Le jour le plus sombre de ma vie est survenu lorsque je me suis retrouvé à l’hôpital avec ma fille, sans soins médicaux, sans médicaments ni nourriture appropriés. Le traitement infligé par les professionnels était inhumain et j’ai été tenté de mettre fin à mes jours. Mais à ce moment-là, quelque chose m’a arrêté. Je me suis souvenu de la promesse que j’avais faite à Khadija, la promesse de ne jamais abandonner.

J’ai atteint un point où je n’avais d’autre choix que d’émigrer en Espagne, en risquant nos vies sur les dangereux « radeaux de la mort ». J’ai demandé de l’aide sur les réseaux sociaux et bientôt une chaîne de télévision algérienne m’a contacté. La solidarité que j’ai ressentie a été immense, d’autant plus que ma propre famille ne m’avait pas soutenu dans cette lutte désespérée.

Notre voyage de l’Algérie à l’Espagne a été épuisant. Lors de notre première tentative, la police nous a arrêtés et nous avons été détenus pendant trois jours. Cependant, je n’ai pas abandonné. J’ai de nouveau demandé l’aide du peuple algérien via les réseaux sociaux et sa générosité m’a permis de faire une seconde tentative.

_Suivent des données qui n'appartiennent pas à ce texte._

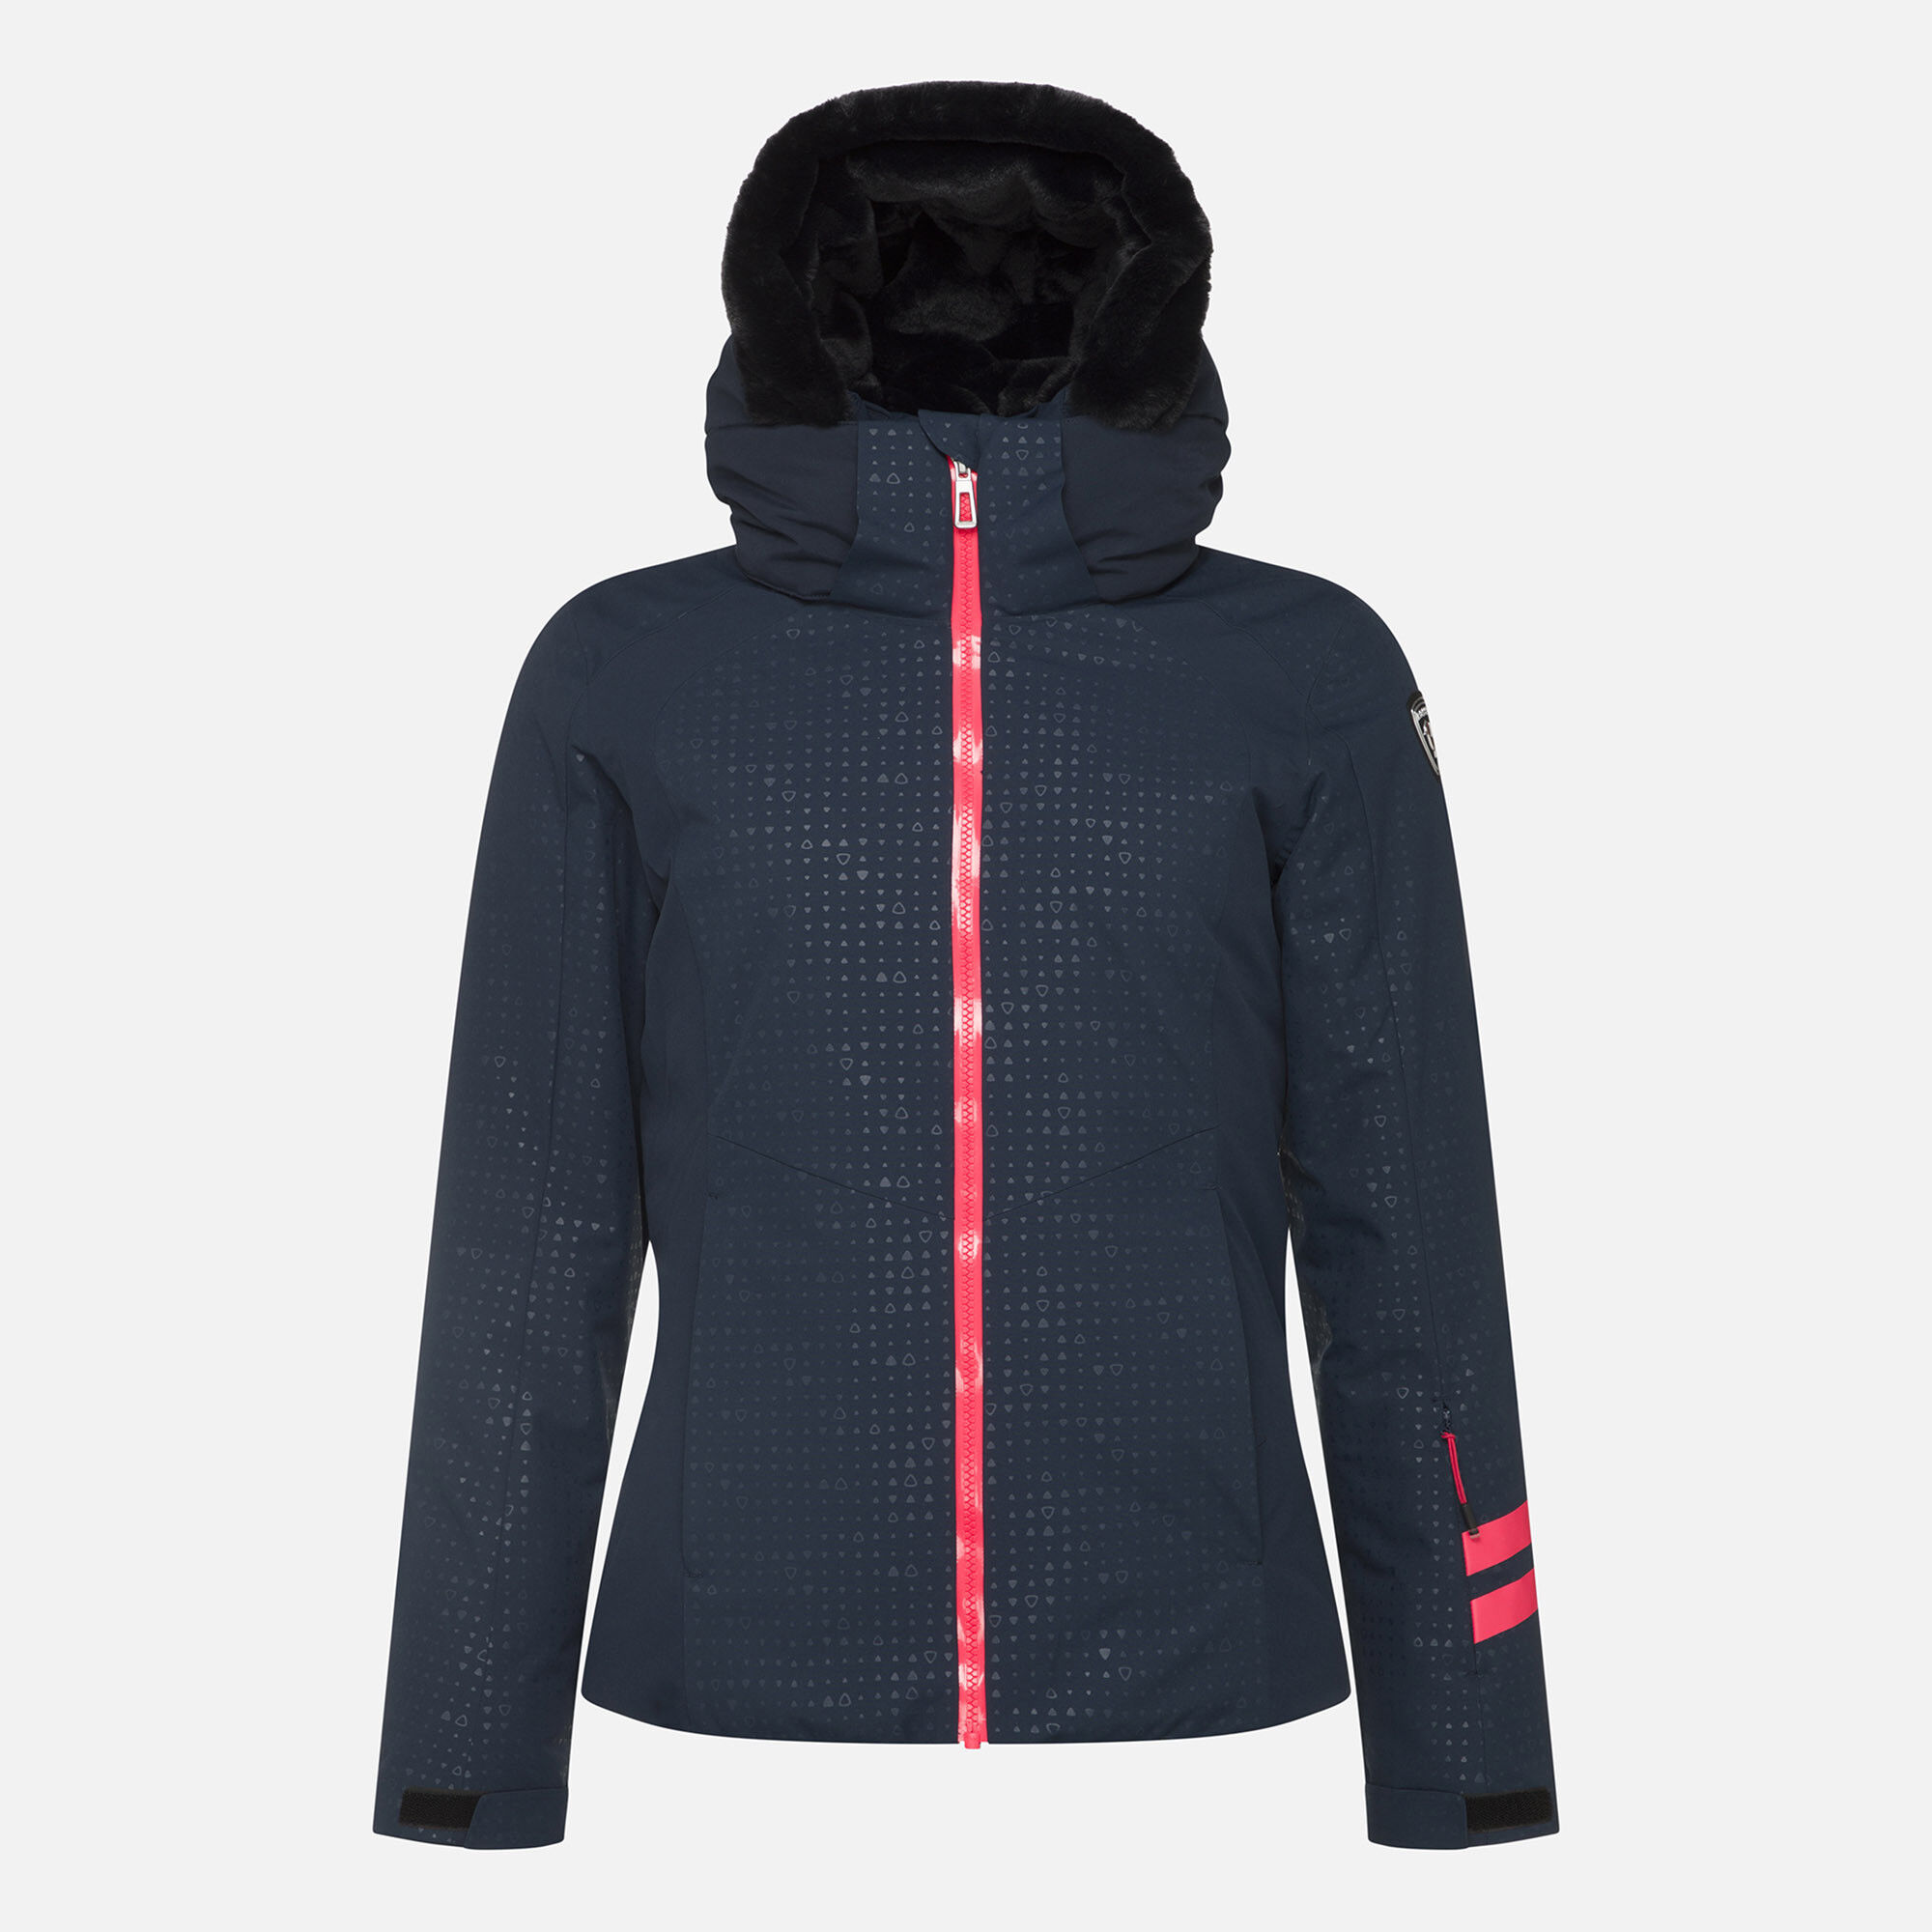 Rossignol Controle Jkt - Ski jacket - Women's
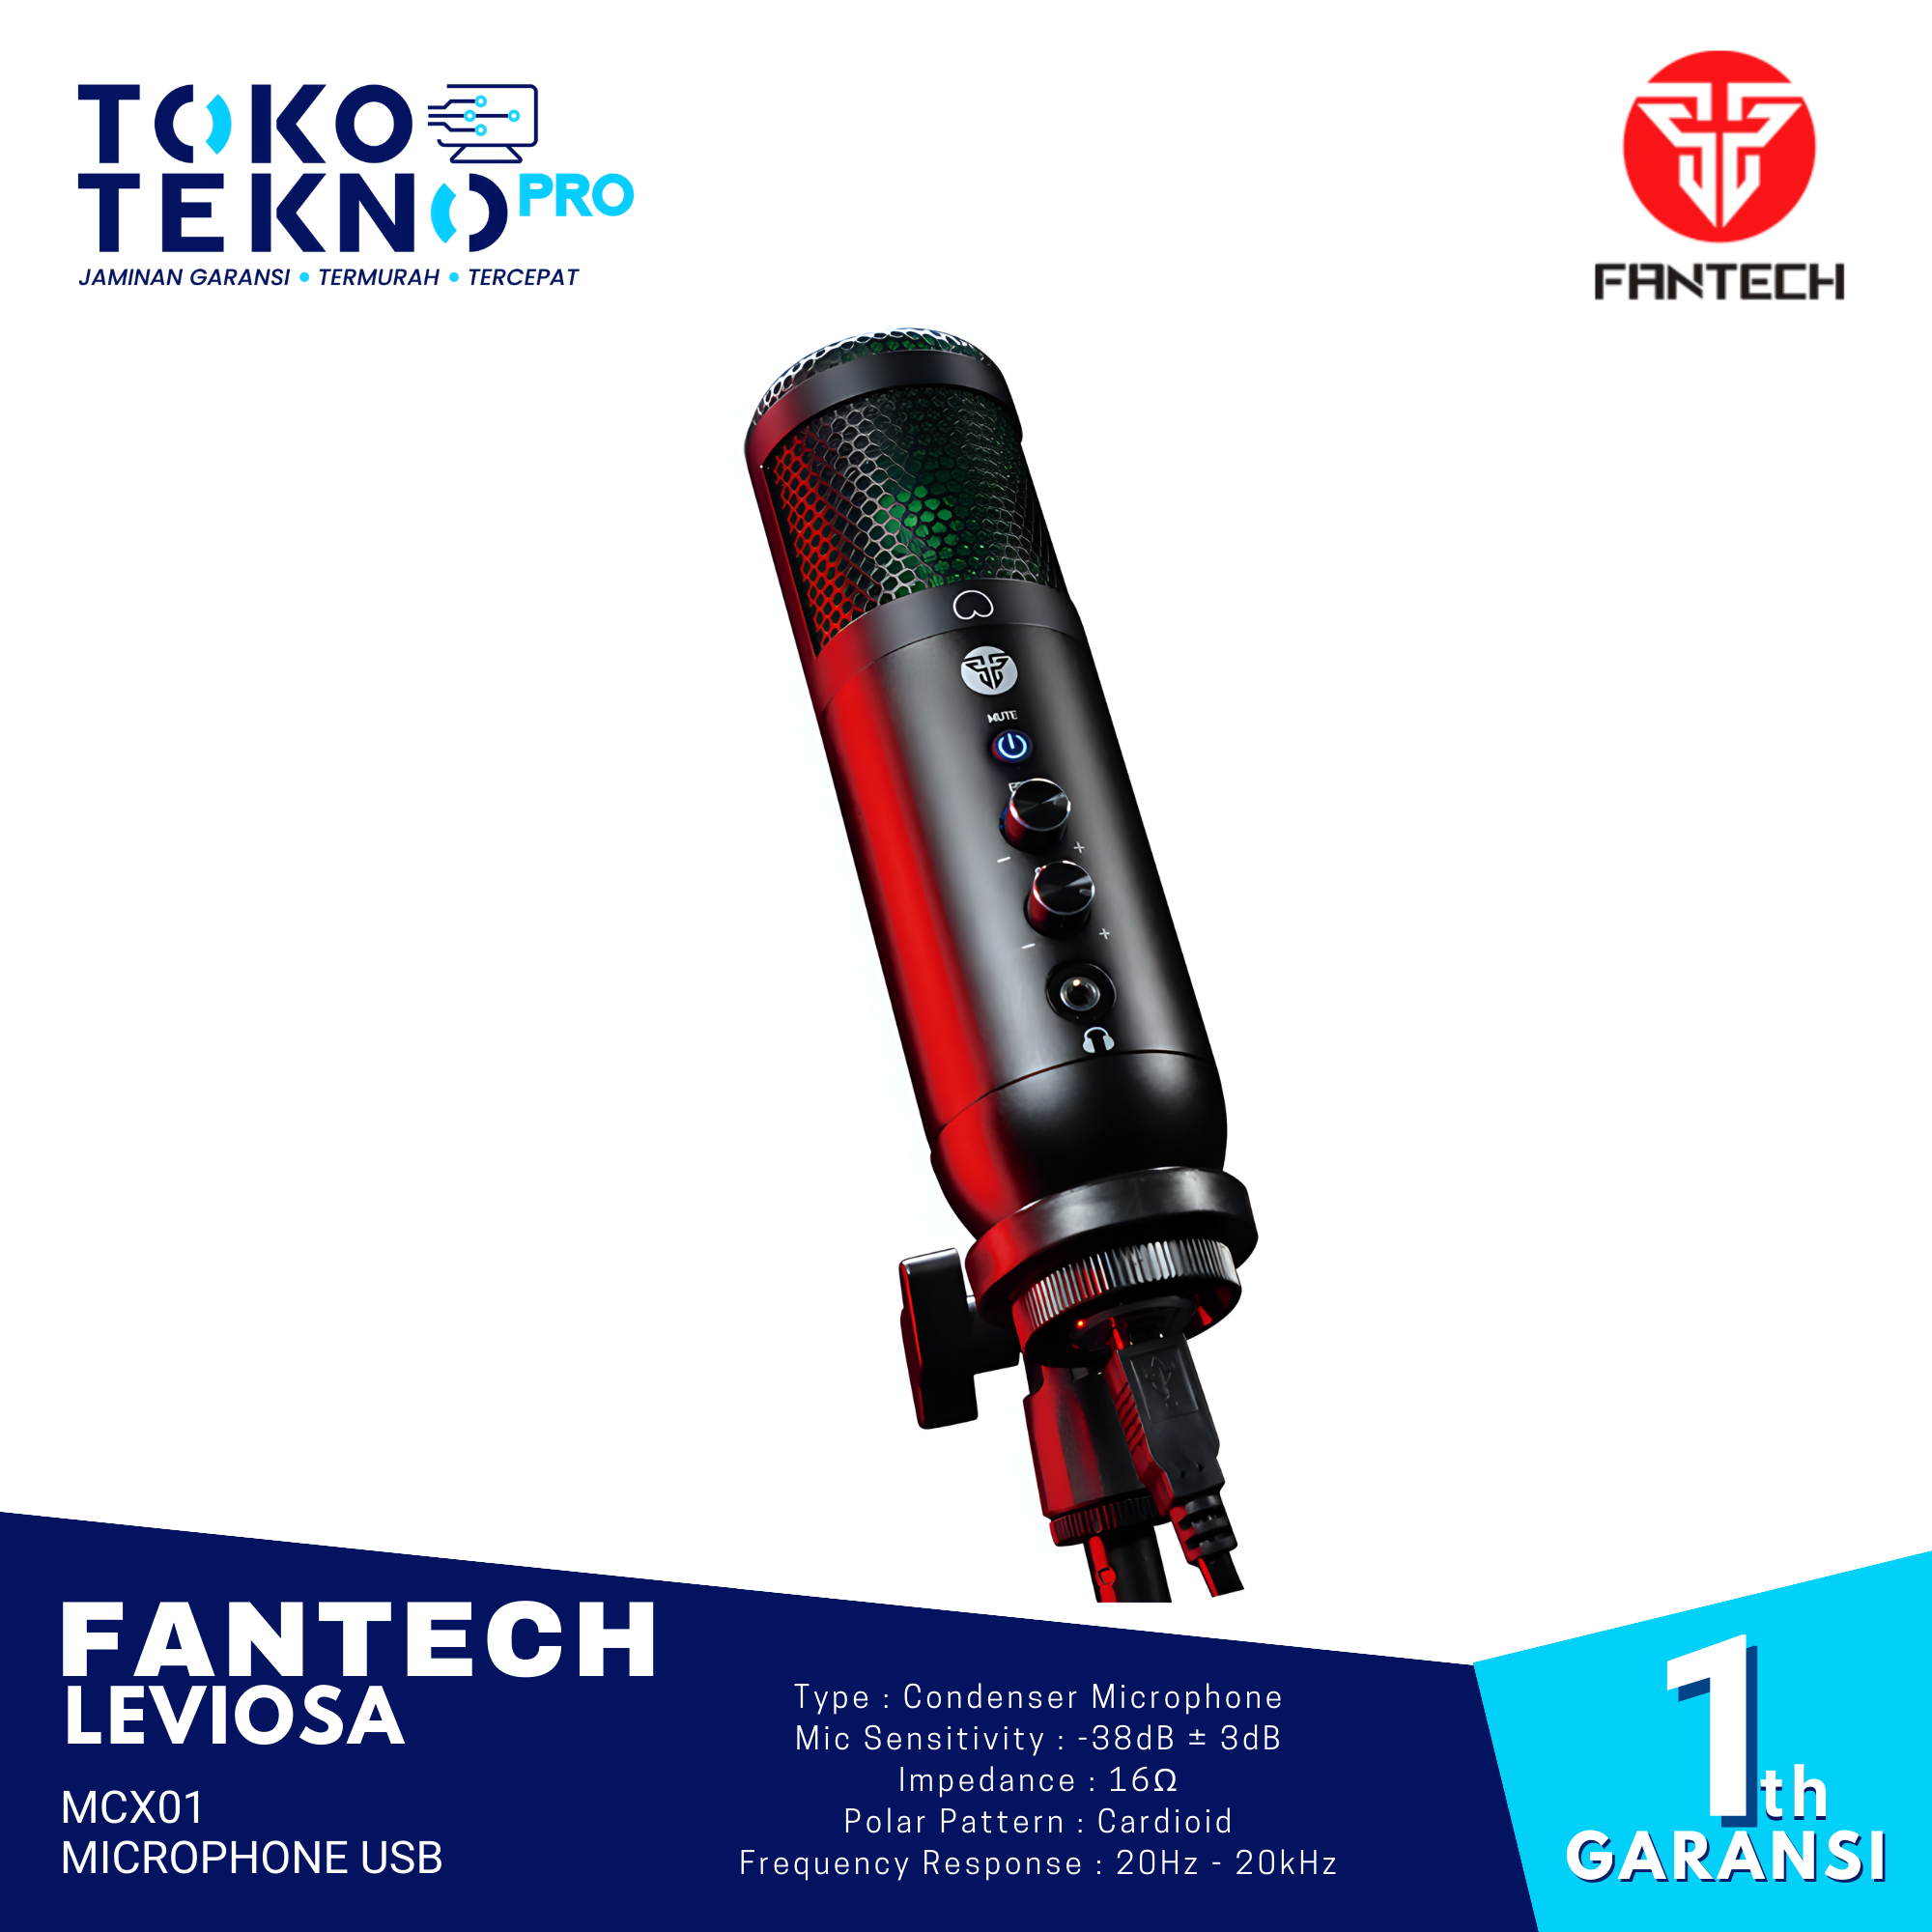 Fantech Leviosa MCX01 Microphone USB

Sur un bateau fragile, avec Khadija; pendant trois longues heures, j’ai pris son pouls pour vérifier qu’elle était toujours en vie. Finalement, nous sommes arrivés en Espagne. Je n’avais entendu parler de l’Espagne qu’à travers des histoires de solidarité, d’humanité et d’égalité. Ce que j’ai trouvé ici a dépassé mes attentes. Nous avons reçu une hospitalité immense et généreuse et nous avons été rapidement orientés vers la Famille Vincentienne de Séville, où Khadija a finalement trouvé la paix et les soins médicaux dont elle avait désespérément besoin.

Je remercie Dieu d’avoir placé sur mon chemin Khadija et toutes les personnes qui nous ont aidés à surmonter d’innombrables obstacles. Notre histoire témoigne de la résilience, de l’amour inconditionnel et de la capacité de l’humanité à surmonter l’adversité.